» Exercise data:
-- Opening Marker --
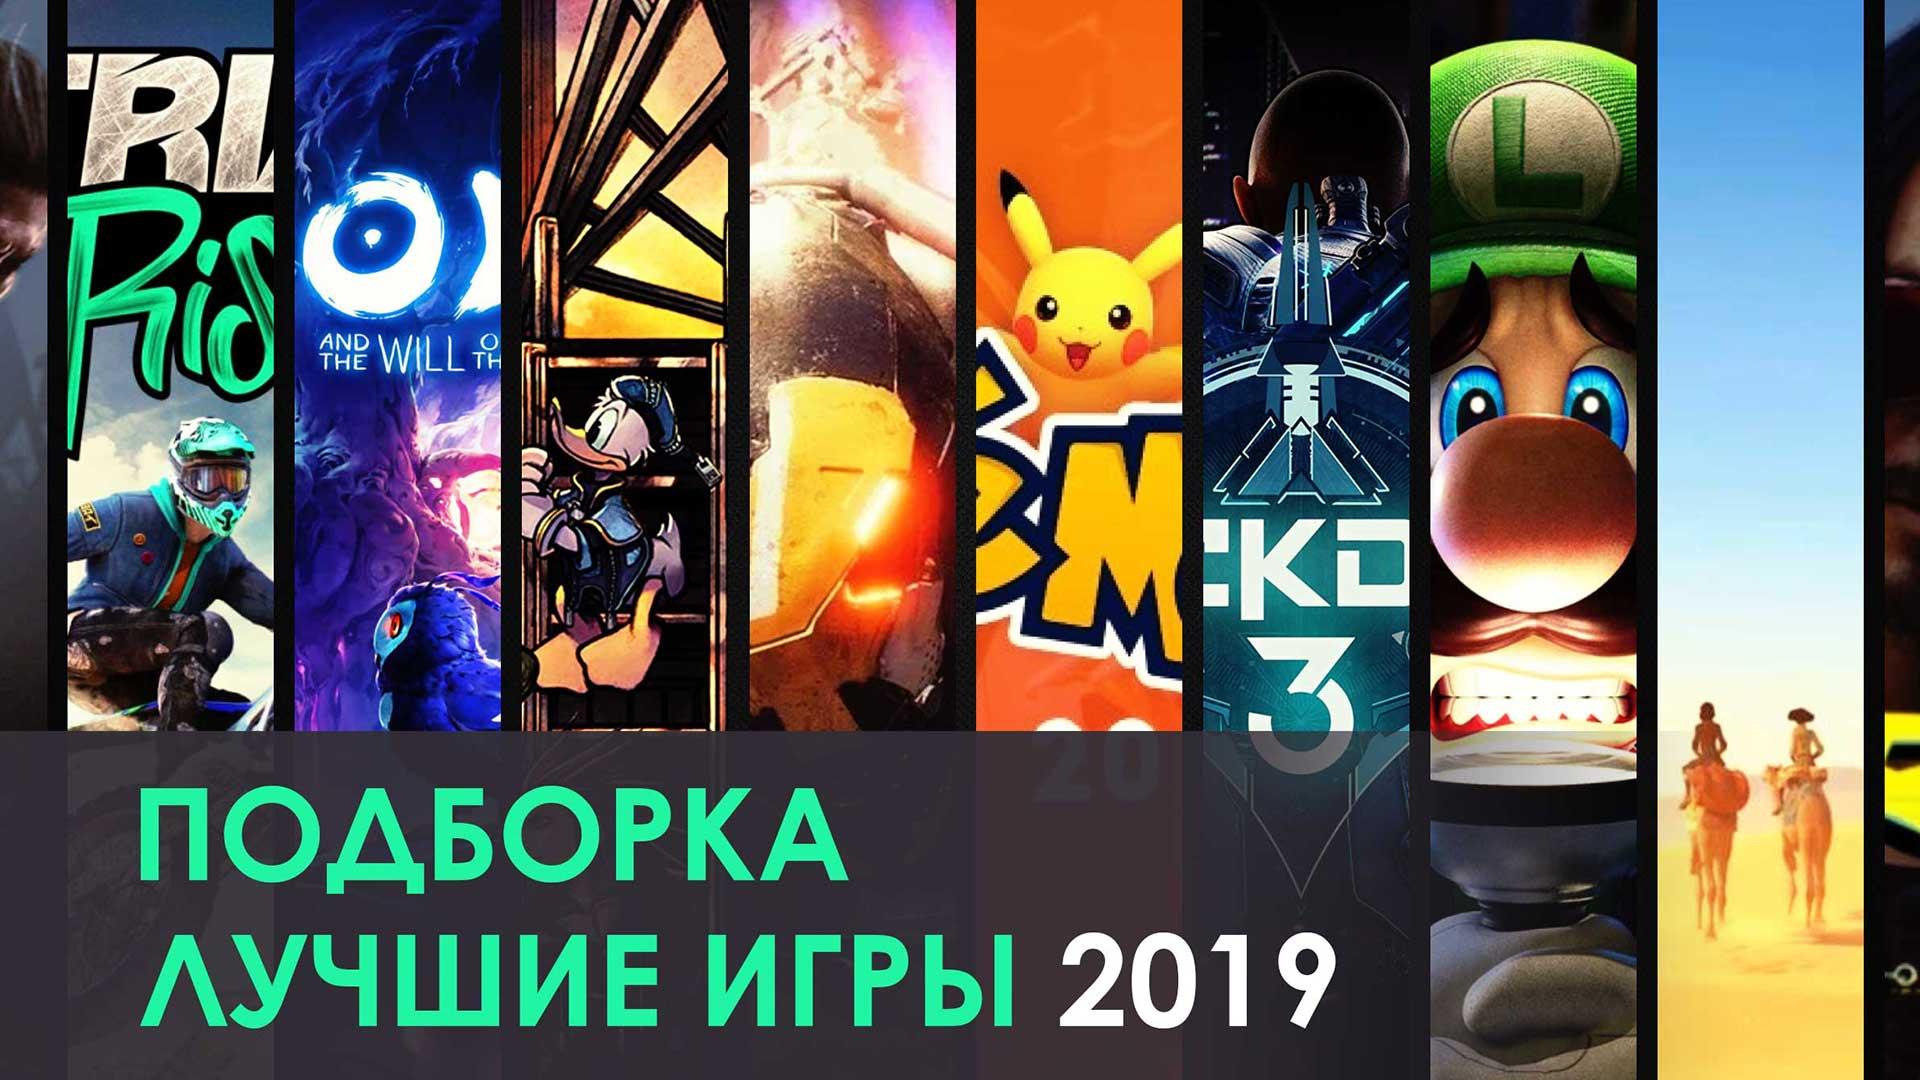 Лучшие игры 2019 года - что ждать от мира видеоигр
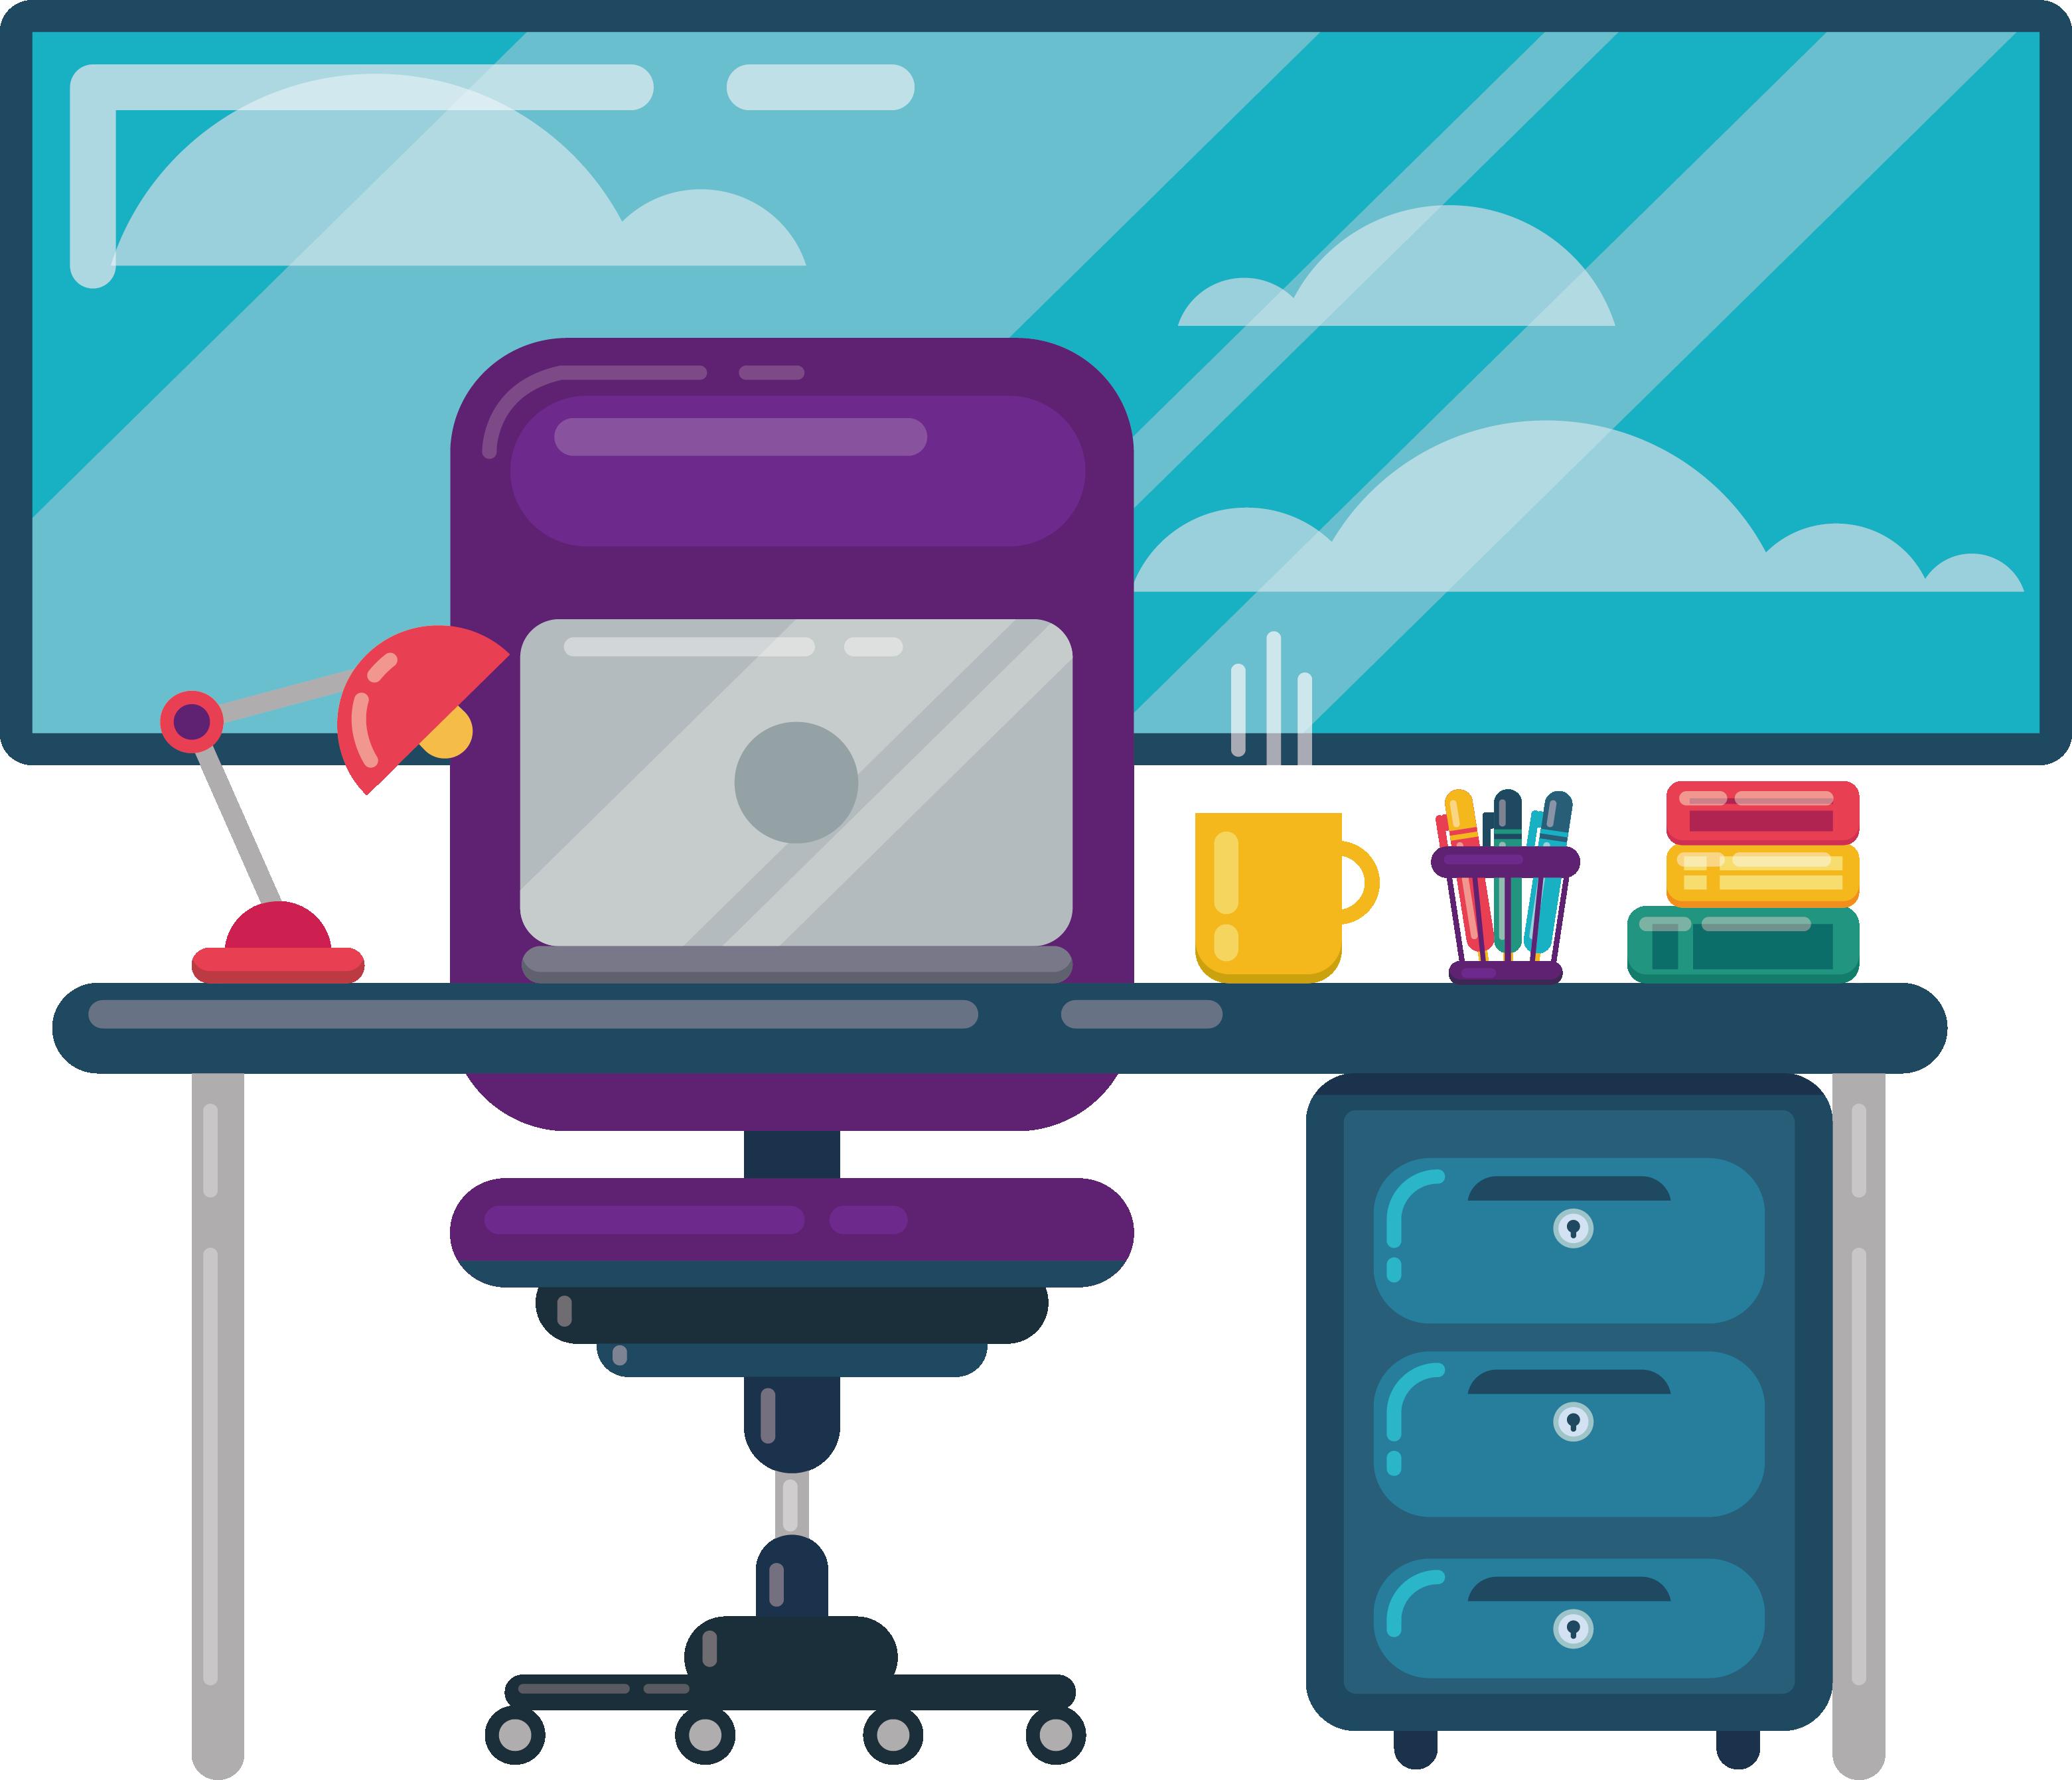 Laptop clipart purple. Interior design services designer
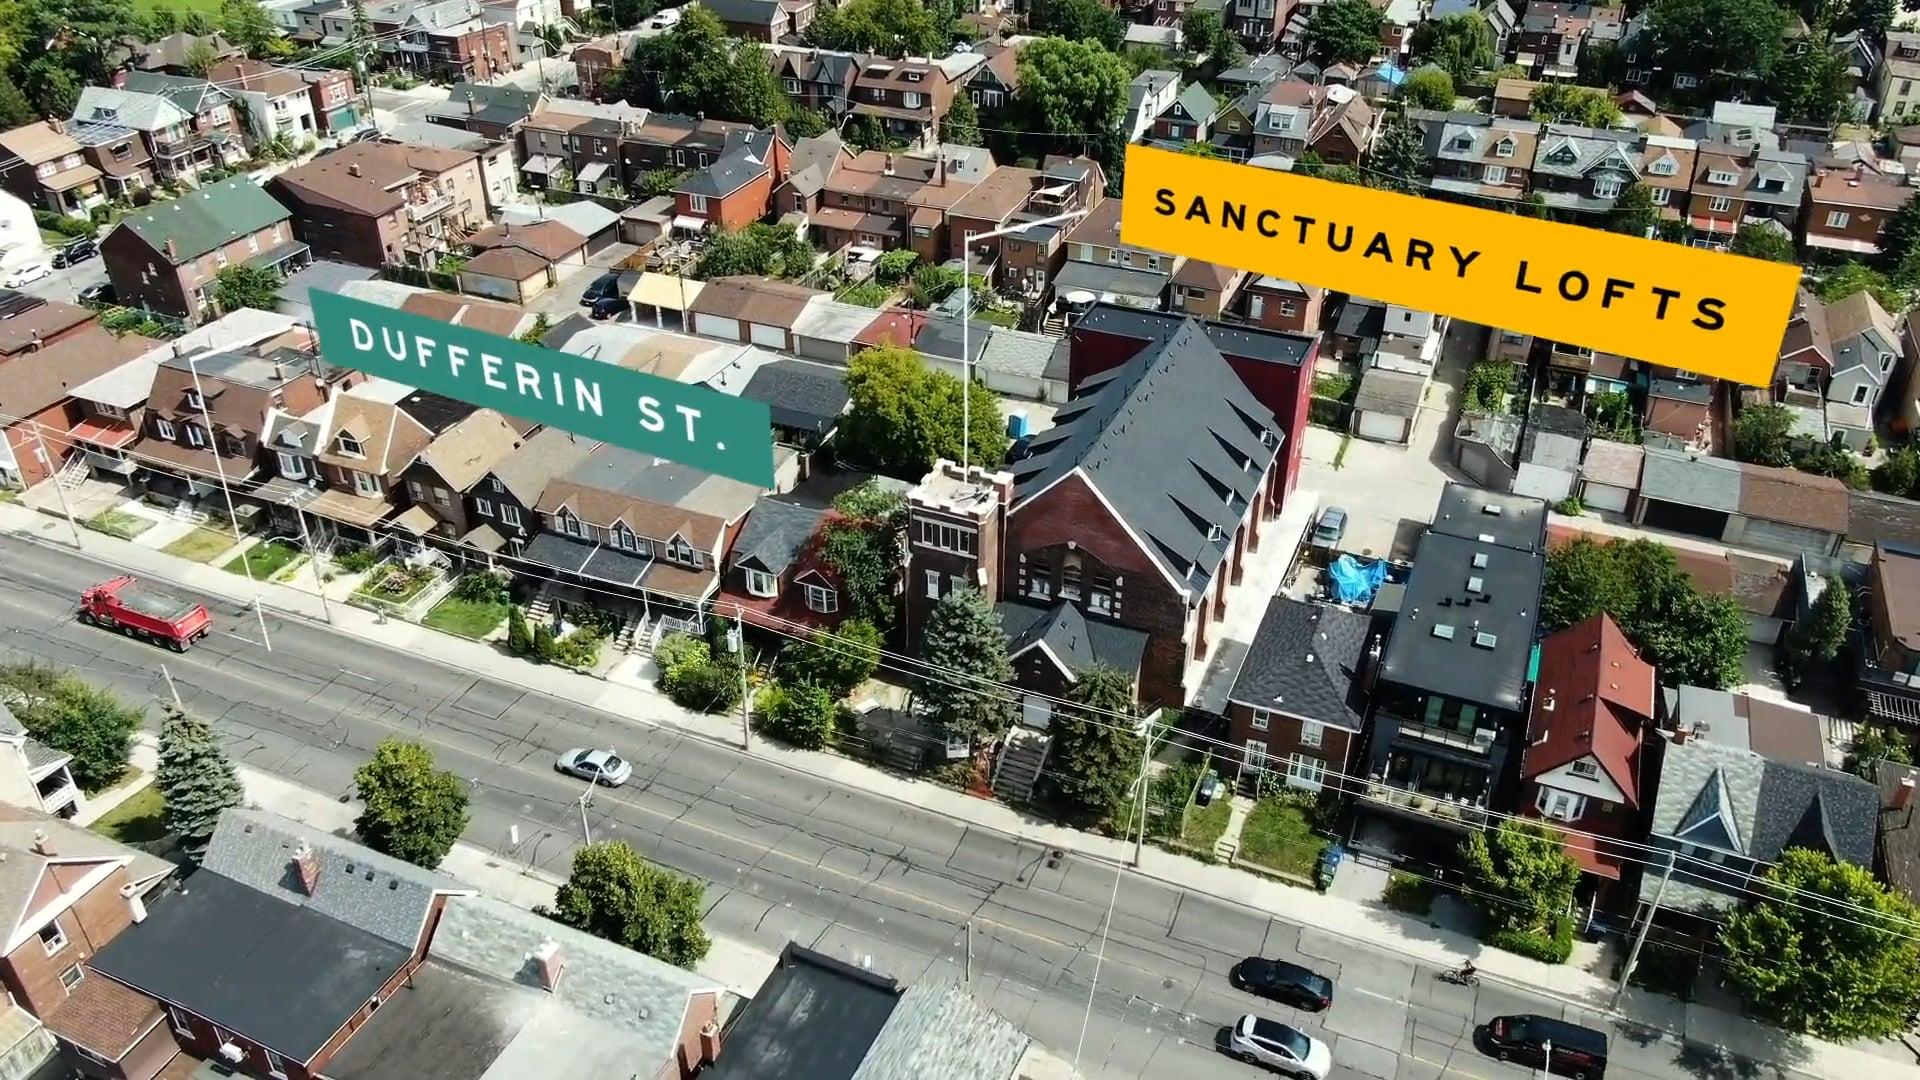 Sanctuary Lofts
-- Closing Marker --
» Exercise directions: Copy the data word for word and omit every picture.

» Task solution:
 Лучшие игры 2019 года - что ждать от мира видеоигр
 Laptop clipart purple. Interior design services designer
 Sanctuary Lofts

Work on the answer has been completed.